Attempt 1 → Minimal hints ("Consider what happens if input is empty")
Attempt 2 → More specific ("Look into http.Error for error responses")
Attempt 3 → Direct code (partial code examples, since you’re clearly stuck)

My Experience with GitHub Copilot CLI

Copilot CLI was a huge help when refactoring code, especially when I needed to add a field and update all the templates. It powers three core features that would have been a pain to build otherwise.

Hints that actually know your code

When you run quest explain, Quest grabs your current task and pipes it to Copilot CLI. The response is structured comments tied to specific lines in your code.

A code reviewer that knows your assignment

The automated checks (quest check) handle the basics—does the file exist? Does it contain the right patterns? Adding the -a flag lets Copilot CLI do the real review. It reads your actual code and writes comments like:

  • ✓ GOOD: Using http.HandleFunc correctly
  • ✗ ERROR: Missing error handling on ListenAndServe
  • ⚠ WARNING: Consider adding Content‑Type header

These comments are injected directly into your source files, right above the relevant lines.
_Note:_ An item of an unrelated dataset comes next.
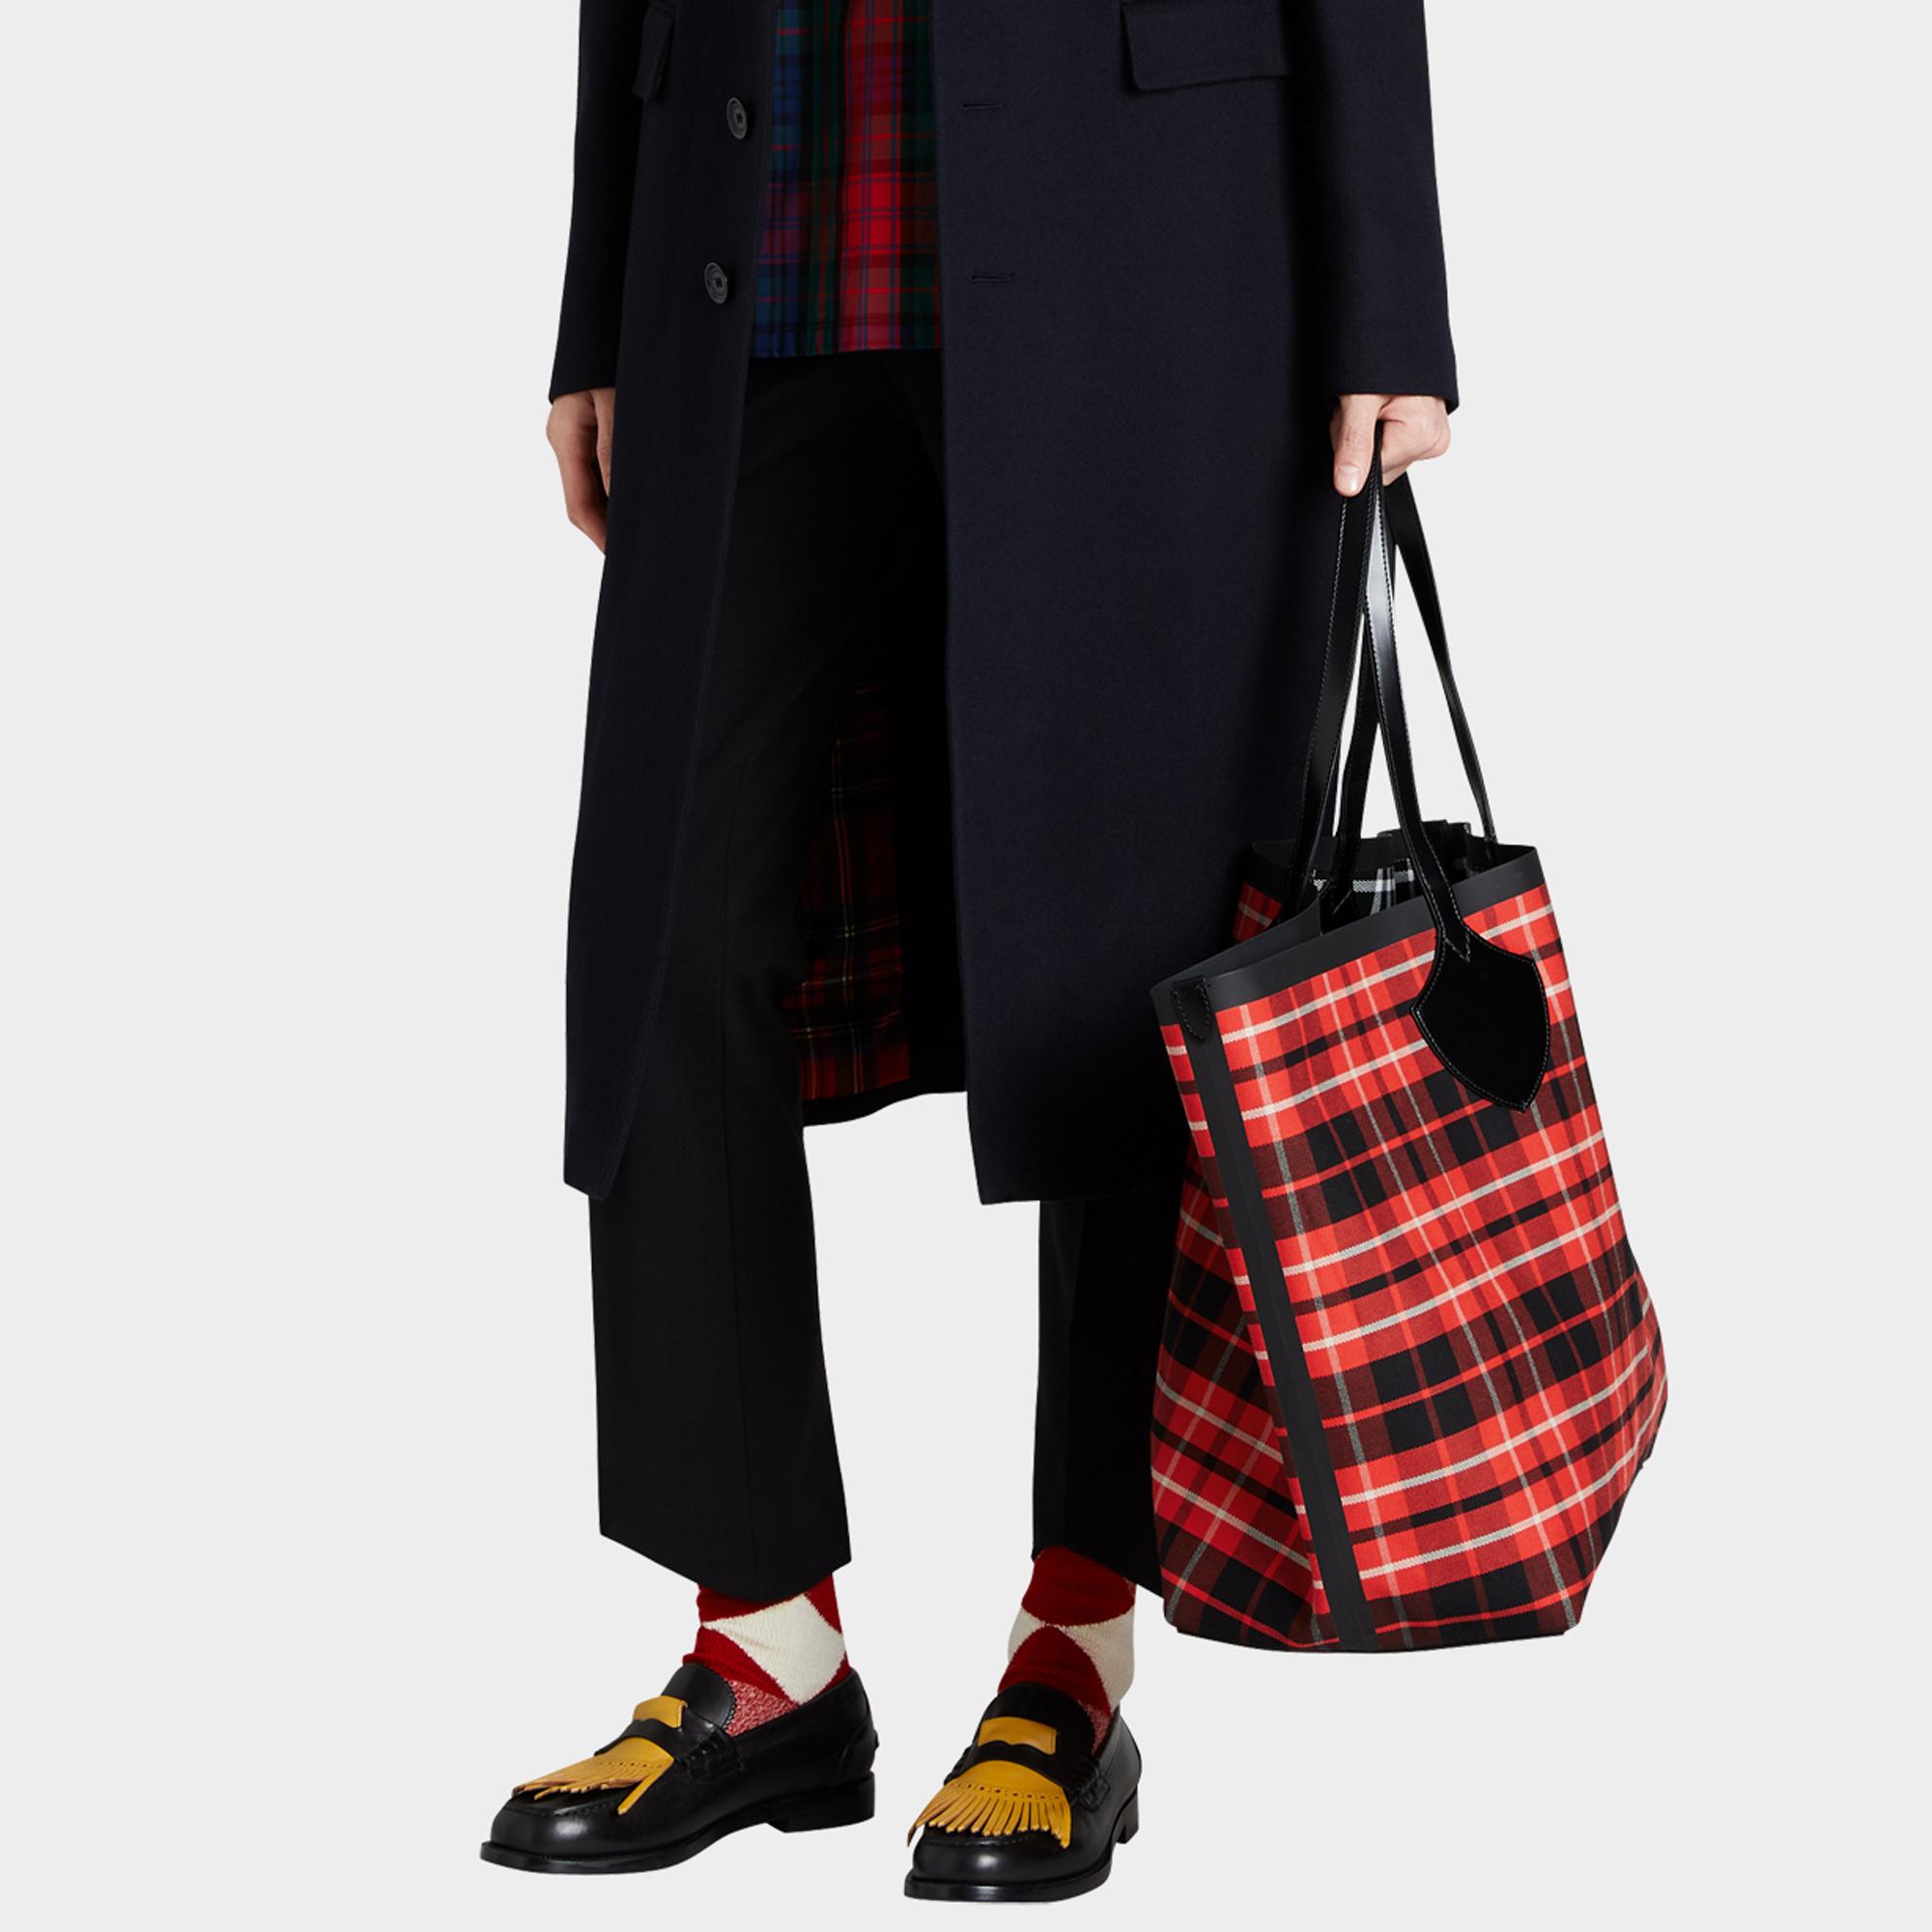 Burberry The Giant Reversible Tote Bag In Vibrant Red And Black Tartan Bonded - Lyst

Generating entire quest plans

Instead of picking a template, you describe what you want (e.g., “I want to build a princess‑fairy scheduler worker”), choose a difficulty, and Copilot CLI generates a full teaching plan in JSON. I even created an go‑isekai‑server template where you finish quests like player‑skill endpoints.


End of submission.

# Read Me

The big realization was that Copilot CLI isn't just an autocomplete tool; it's basically a programmable AI interface. I can pipe structured prompts to it and get structured output back. No API keys, no cloud hosting, no billing dashboards—just a binary that takes **stdin** and returns useful output.